視界に真っ白な光が飛び込んできた。
ここどこだっけ?
あたしは、重い頭をふって今、自分がいる場所を確認する。
長方形のテーブル、その上には携帯と聞いていたらしいMDウォークマン。
半開きになったロッカーには見慣れたバッグ。
TV局の楽屋だ。ハッと気づく。
そっか、あたし、ドラマの待ち時間で寝ちゃってたのか・・・・・・・・・・・
トントン――
ノックの音がしてADさんが顔をだした。
「後藤さん、そろそろ準備お願いしまーす」
「んぁ、は〜い」
あたしは、返事をして立ち上がる。
急に立ち上がったせいか一瞬ふらつく。
なんだか現実感がない。

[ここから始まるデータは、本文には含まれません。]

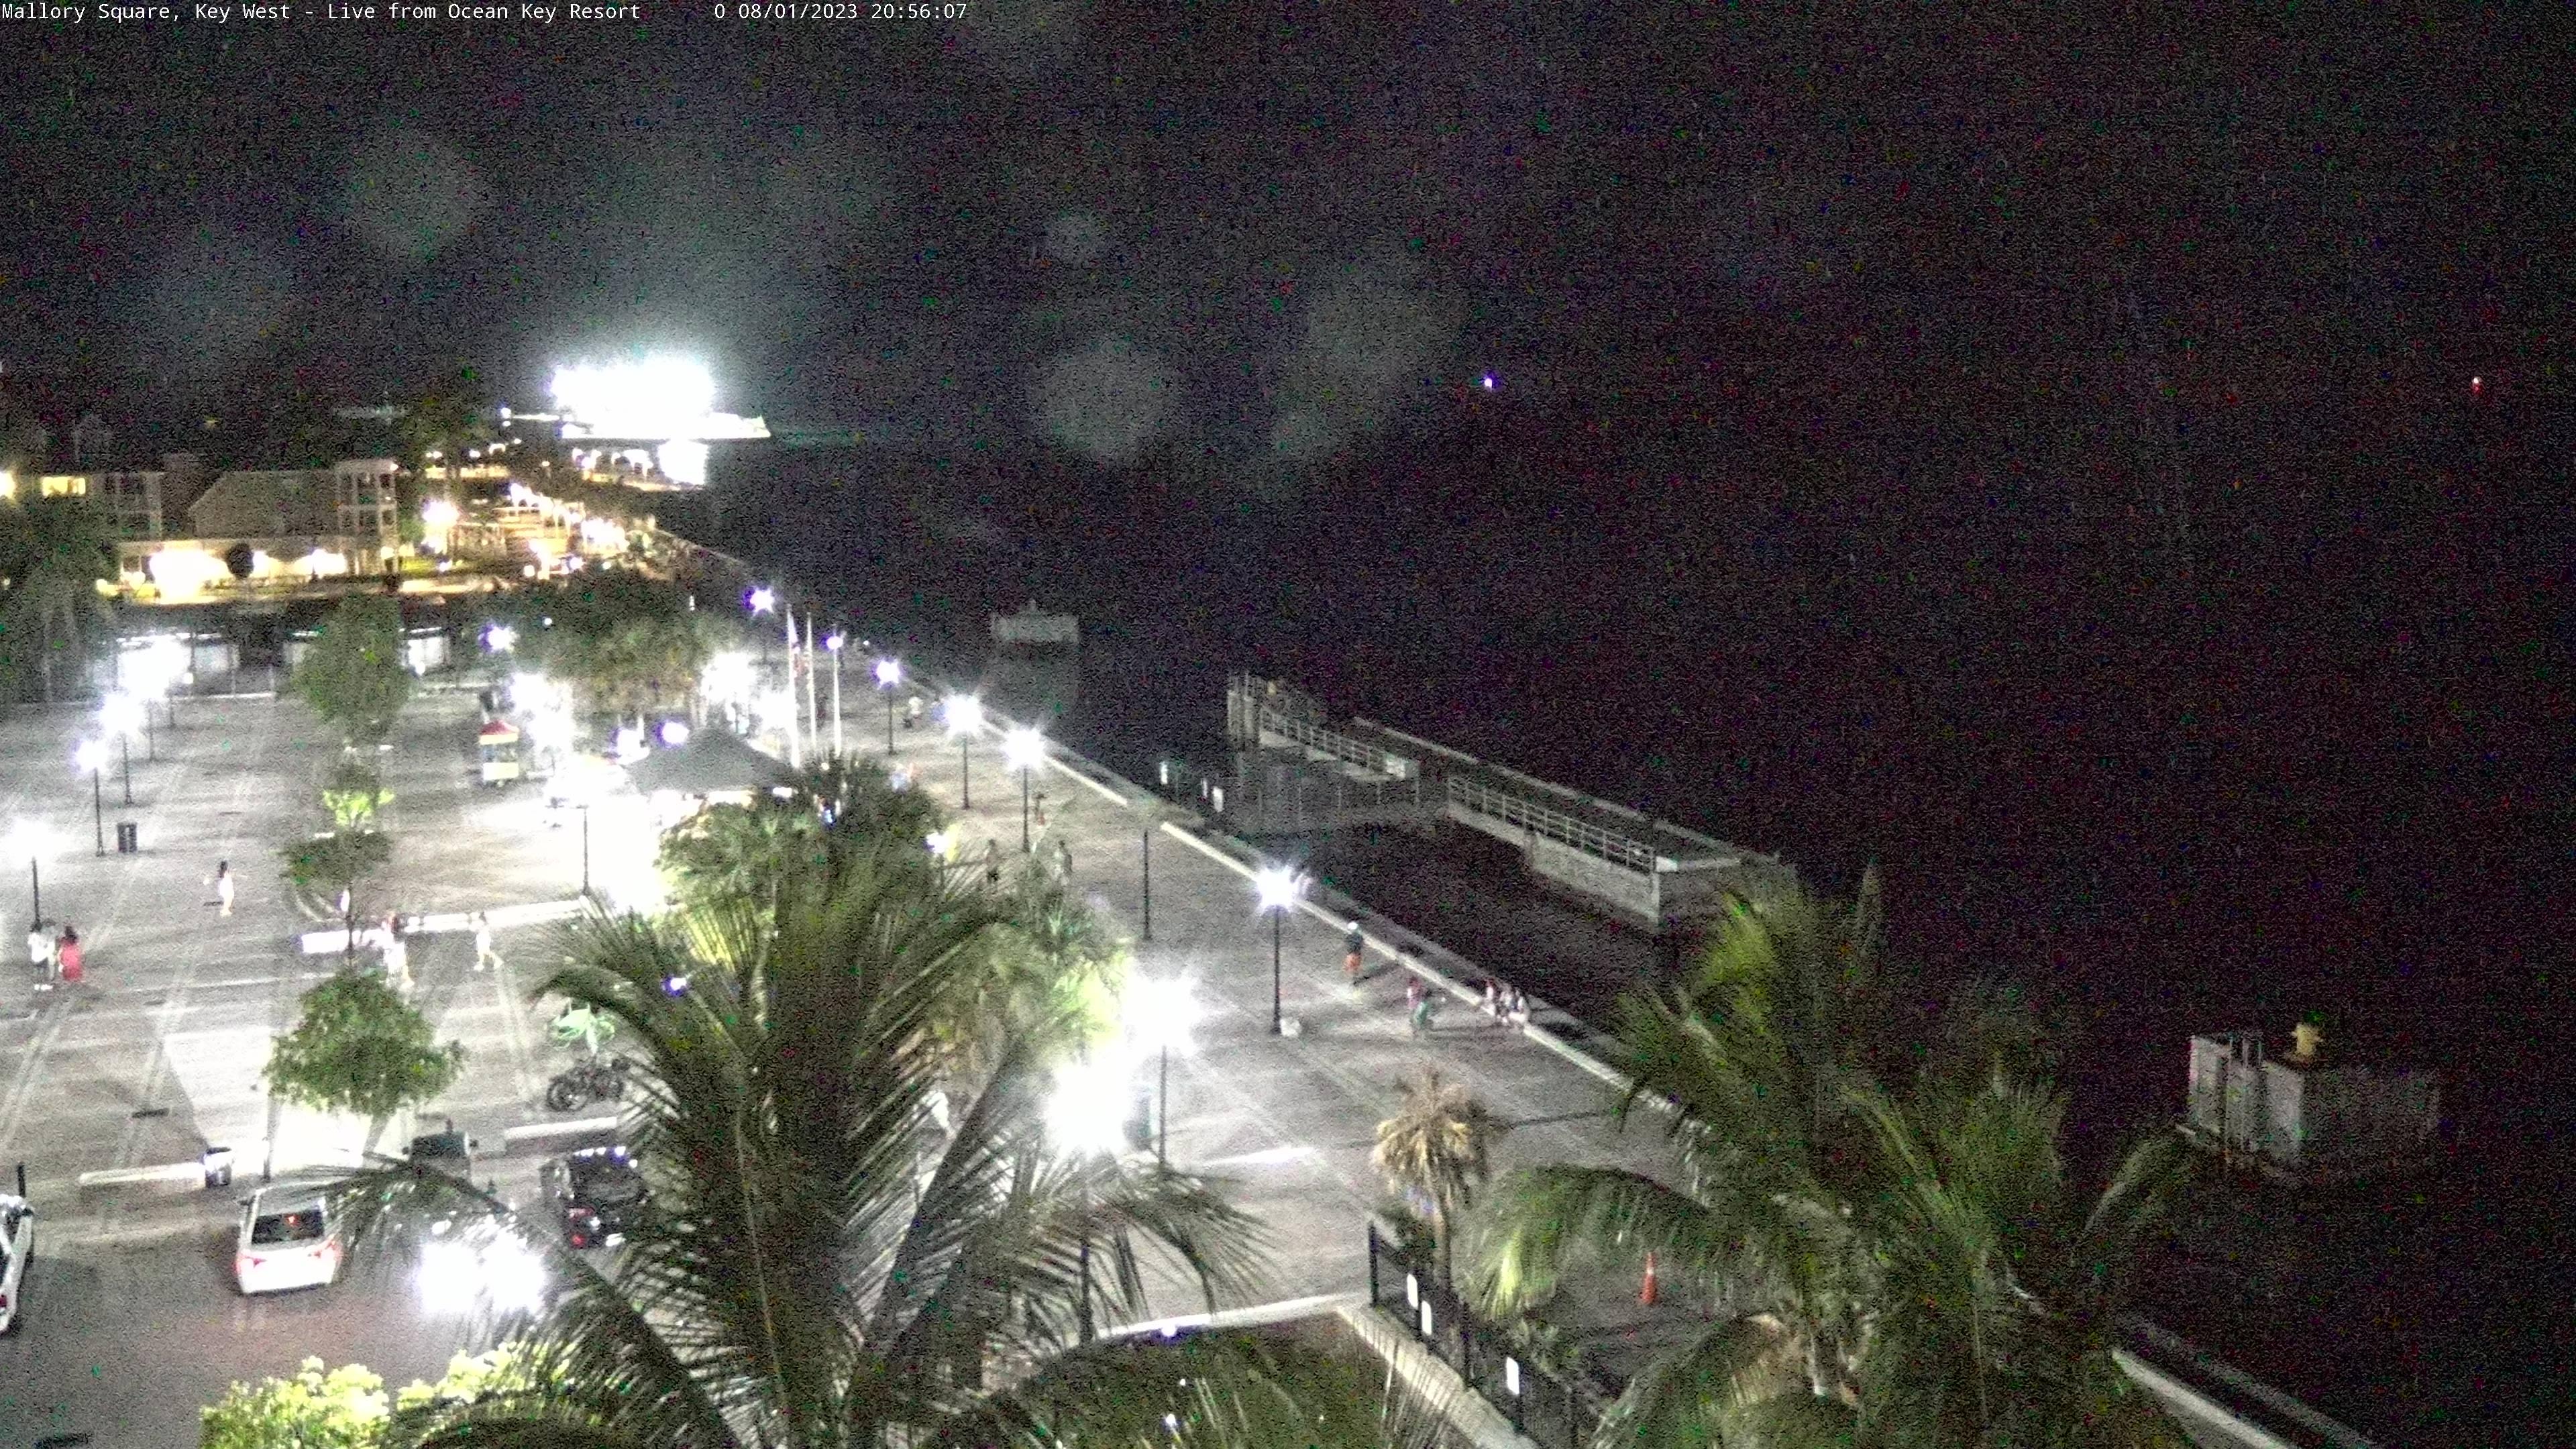 Mallory Square webcam

変な感覚だ。
ずっと長い長い夢を見ていたような気がする。
そう、確かすごく大切なことを得たような・・・・・・
あれ?
どんな夢だったっけ??
思い出そうとしてその記憶がなくなっていることに気づいた。
「んぁ〜、なんだったっけ〜」
髪を撫で付けながら楽屋を出ようとした。
その時、背後でメールの着信音がなる。
あたしは、見に行くべきかどうしようか迷い、けっきょく履きかけた靴を脱いだ。
メールをチェックする。
意外にたくさんのメールがきていた。
そのメールたちを見てあたしは嬉しくなる。
「そっか、これか〜」
意味もない納得。
でも、あたしの中のなにかがその言葉を言わせていた。
夢の内容は、もう思い出せないけどつまりはそういうことだったんだろう。
「・・・って、ヤバッ。のんびりしてる場合じゃないや」
時間に気づいて、あたしは急いで楽屋を飛び出した。